Юлия Мамочева - Инсектариум
Мой Ангел
маме
Горя чужого с ладоней своих не лакав,
Я, ротозей, в грозовое небо глазею.
Ангелов видно, толпящихся на облаках —
Но не смелейших, что предпочли
землю,
Чёрную землю. Один — тот самый, с икон,
В скромном, однако, обличье знакомый немногим —
Там, где родился, привык ходить босиком —
Здесь посему
постоянно стирает
ноги.
Там, где родился, светить не умел он святей
Прочих, по святости равных ему, собратьев.
Нынче, попав в паутину земных путей, —
Пух зашивает в подушки своих детей
Таинство ангельских крыльев на то истратив.
Сыну да дочке на счастье тогу пустил,
Им на удачу свои переплавил нимбы…
Лишь бы росли, никогда не бросая расти,
Тихим всесильем его незаметно хранимы.
Ангел в заботах земных поострел лицом,
Строго-прекрасным, что небо над грешным градом.
Он втихомолку выходит на связь с Творцом —
Нежной прося молитвой за тех, кто рядом.
С небом по-прежнему дружен, порожним загружен,
Молит о ближних — батрача, готовя ужин
И засыпая пообок с больным мужем,
Бога в оконных экранах ища голубых.
Именем светским подобен святой княгине,
Утром встает на работу, как все другие,
Только страдает дыхательной аллергией,
Здешнего воздуха так и не полюбив.
Горе чужое — микстурой, в час по глоточку,
Пьёт через силу, уже нахлебавшись вдоволь.
Ангел просит за сына.
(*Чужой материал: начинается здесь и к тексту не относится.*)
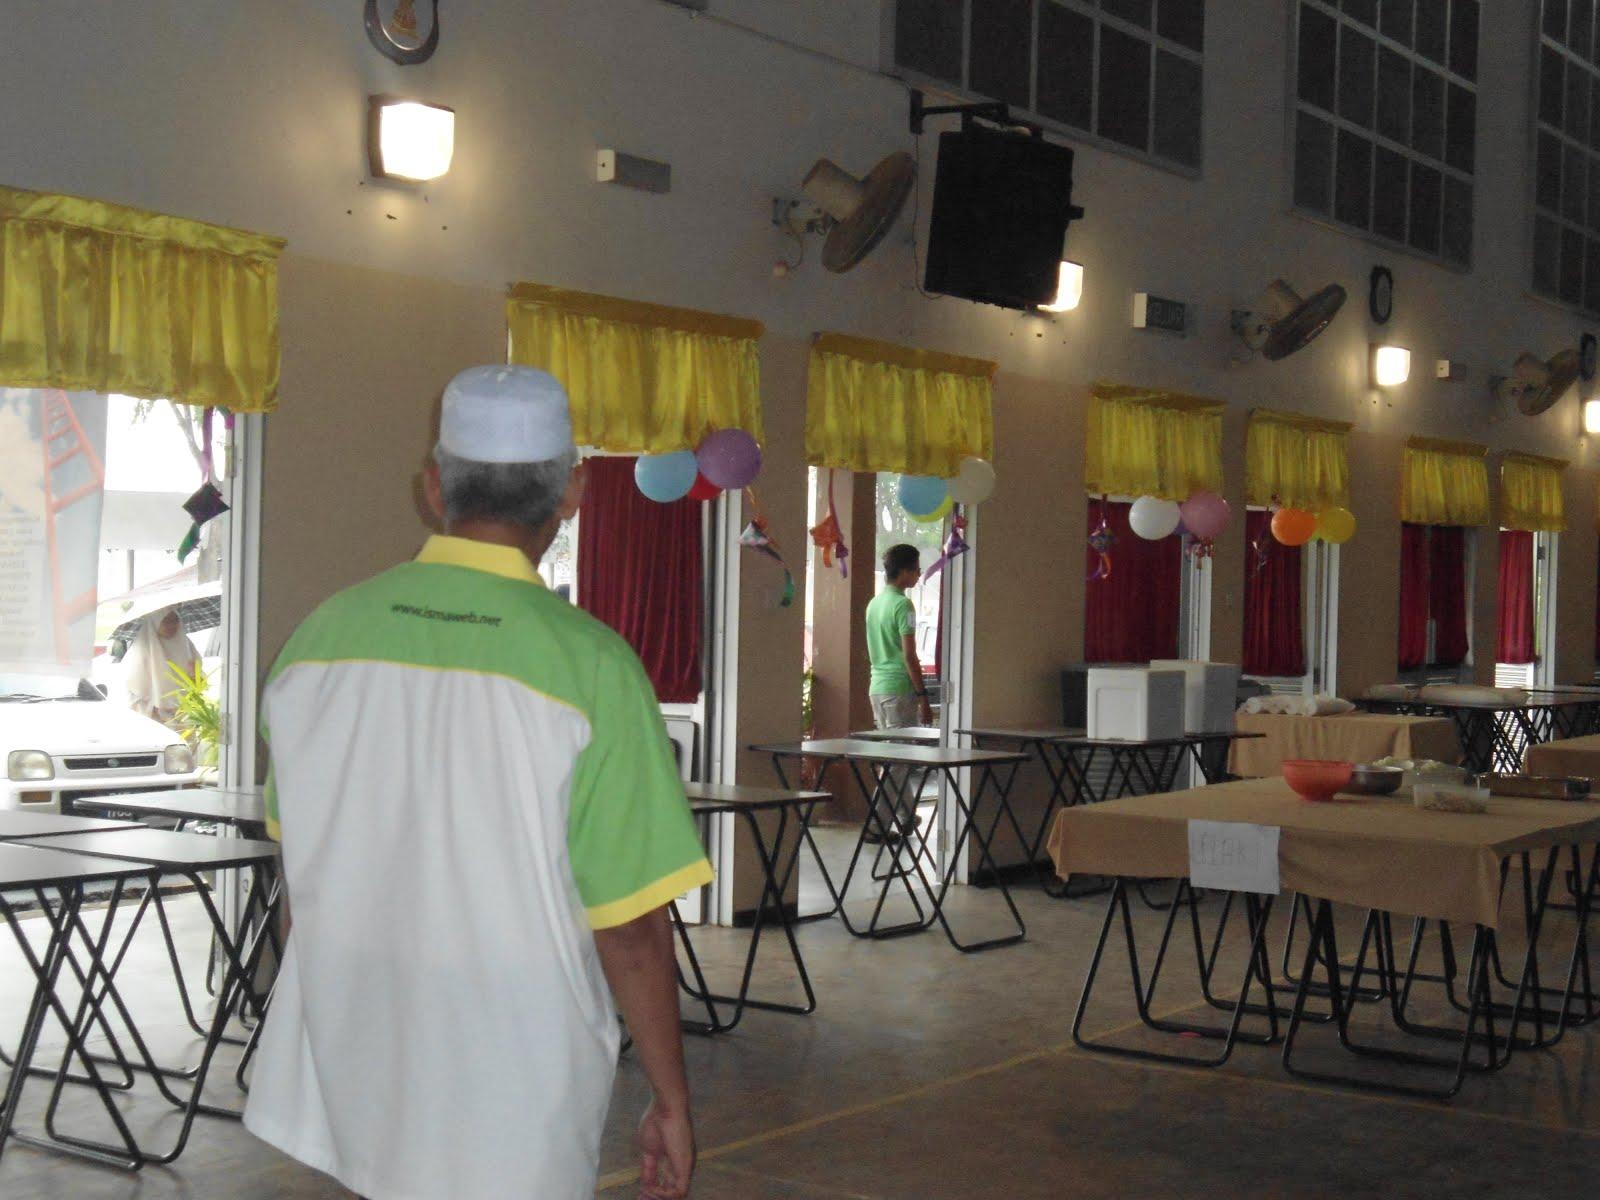 Majlis Raya ISMA Kuala Terengganu 2012 | Ikatan Muslimin Malaysia

Но чаще — за дочку,
Блудную дочку, которой не встретишь дома.
А, исчерпавши лимит-то суточных просьб,
Плачет — слезами. На деле — небесной манной…
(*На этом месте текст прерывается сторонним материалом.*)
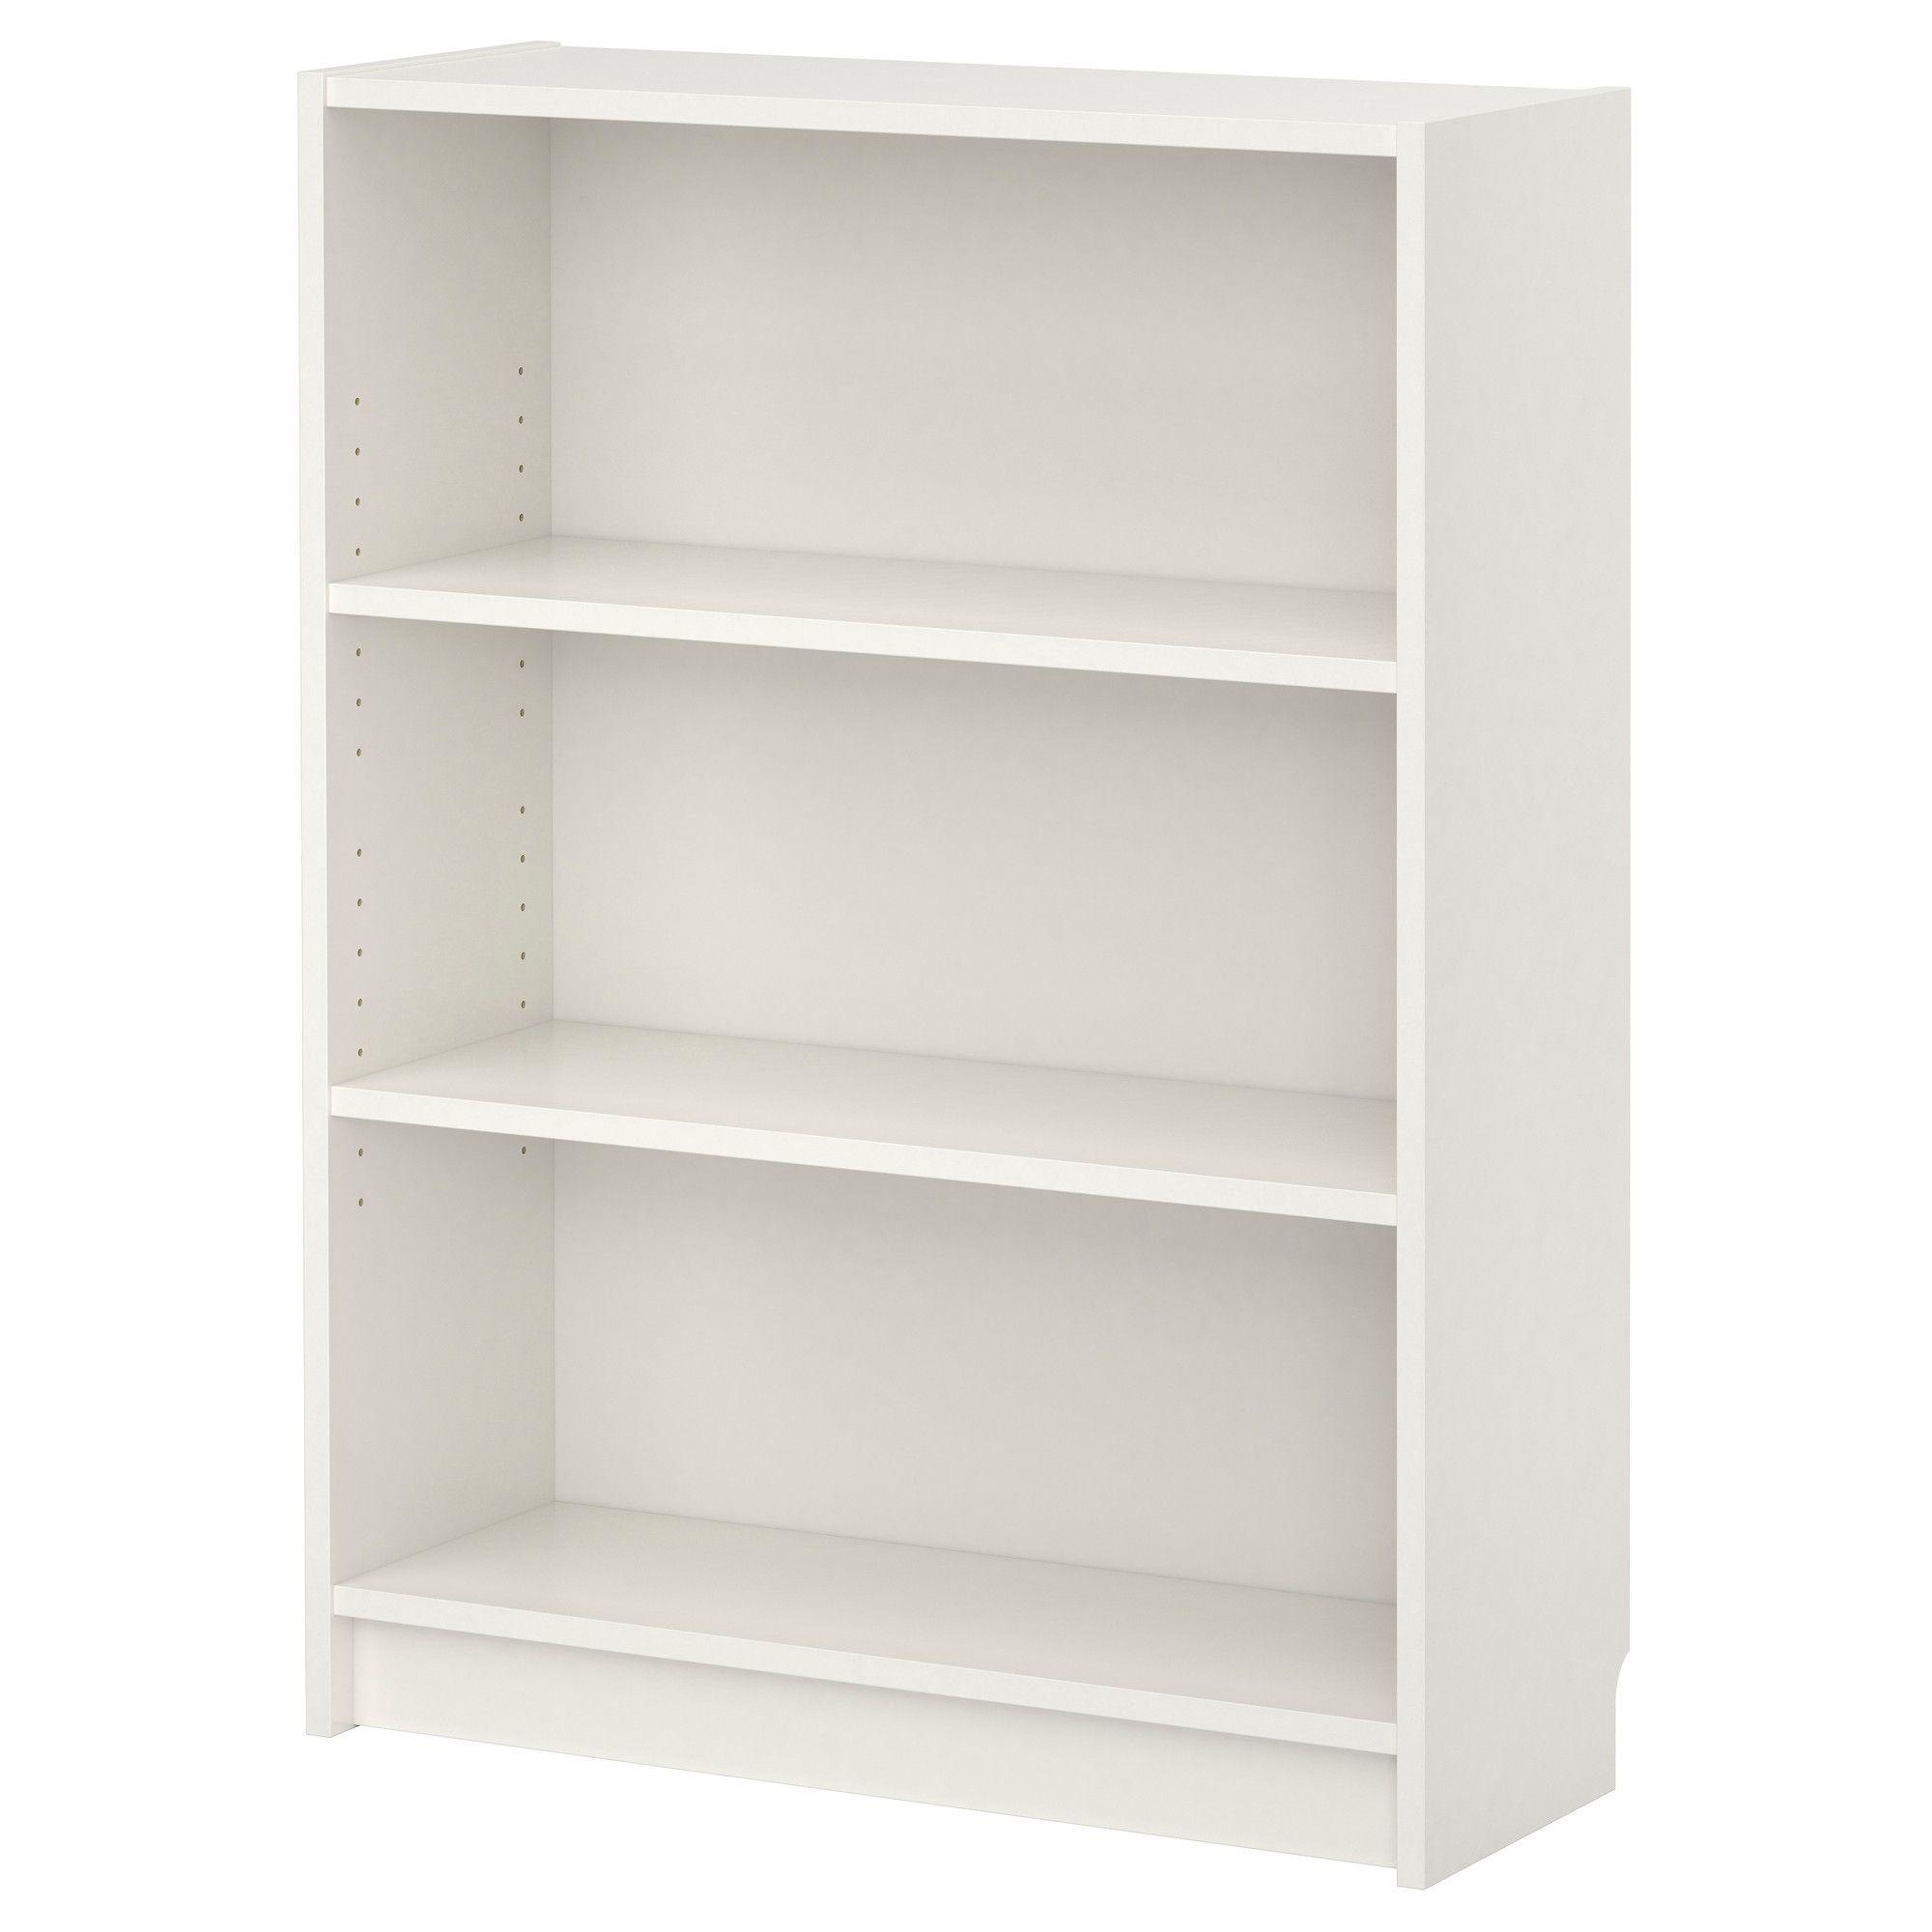 BILLY Estante - branco, 80x28x106 cm - IKEA

Ангелов видно. Их путь на земле — непрост:
Я одного из таких
называю
мамой.
Из окопа
Милая!.. Говорю с тобой — из окопа,
Каждое слово бабочкою выпуская
В мирное, мирное небо твоей души.
То, что — вслух — онемелым никак языком-то;
То, что — огромно, как перезвон пасхальный, —
Сердцем кричу тебе. Слышишь? Оно дрожит.
Нет… Не кричу. Рокочу! — огромной любовью,
В мякиш крошечной жизни зубами вцепясь.
Слышишь ведь: знаю, готовый к любому бою,
Кроме того,
в каком суждено —
…пасть.
Милая, мы четвёртый день под обстрелом!.. —
Эдак поймёшь, отчего пугают огнём.
Густо-седой,
воздух кажется
постарелым —
Чёрт! — точно всякий из нас, стону… тонущих в нём.
Чёрт подери!.. Страшно, милая, как ни крепись мы —
Мы, не просившие ни золочёных — на лацканы,
Ни горячих, гремучих, свинцовых — в живот.
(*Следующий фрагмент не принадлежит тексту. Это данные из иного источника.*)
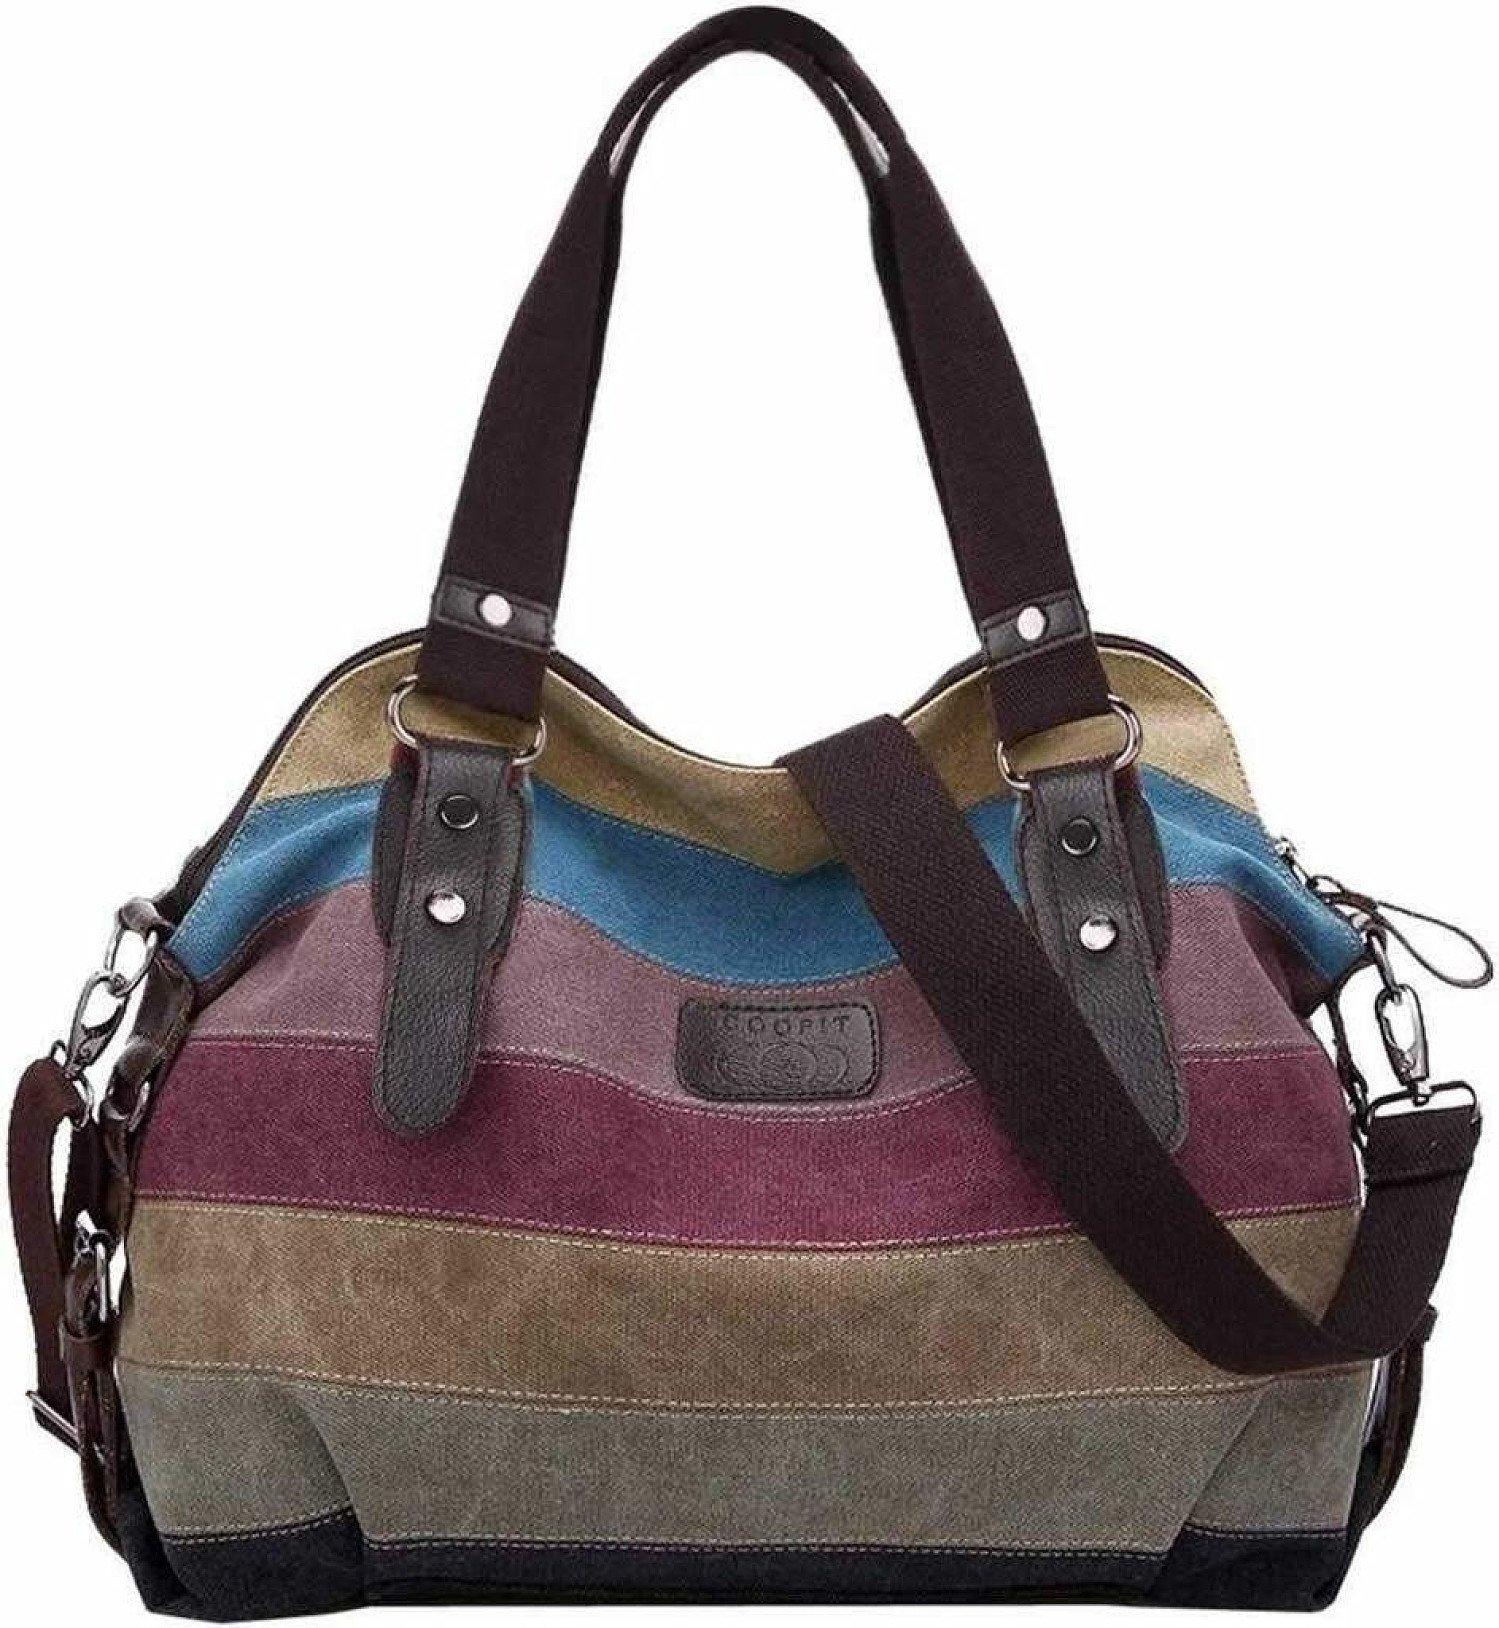 Women's Handbags, Ladies Handbags Striped Canvas Tote Cross body

Знаешь, я ненавижу… себя — за письма
Тем матерям, чьих безусеньких, недоласканных,
Хоронил,
стыдясь того,
что живой.
Братьев! Своих — хоронил в солёную грязь
Словно в бреду — рыдая и матерясь.
Милая… Слева! Славка, наш активист, —
Навзничь! И замер — глазами — пустыми, сурьмяными.
Справа
умолк ничком
под вселенский визг —
Макс.
Из окопа один, как перст, — удивись! —
Нагло, как средний перст, устремлённый ввысь,
Каской-напёрстком торчу. Эх, помру безымянным!..
Слышишь ли?.. Каждый подохнет здесь безымянным!..
Там, наверху, хохочет шальной монтажист,
С нами сроднивший проклятое ремесло.
Тут пред глазами проносится целая жизнь
Между «Ложись!..» и «Господи, пронесло!»
Целая жизнь, что смеётся на мирном ветру…
ТЫ пред глазами — смеющаяся: «Обними?..»
Нет!.. Не паду!.. Нет — конечно, я здесь — не умру!..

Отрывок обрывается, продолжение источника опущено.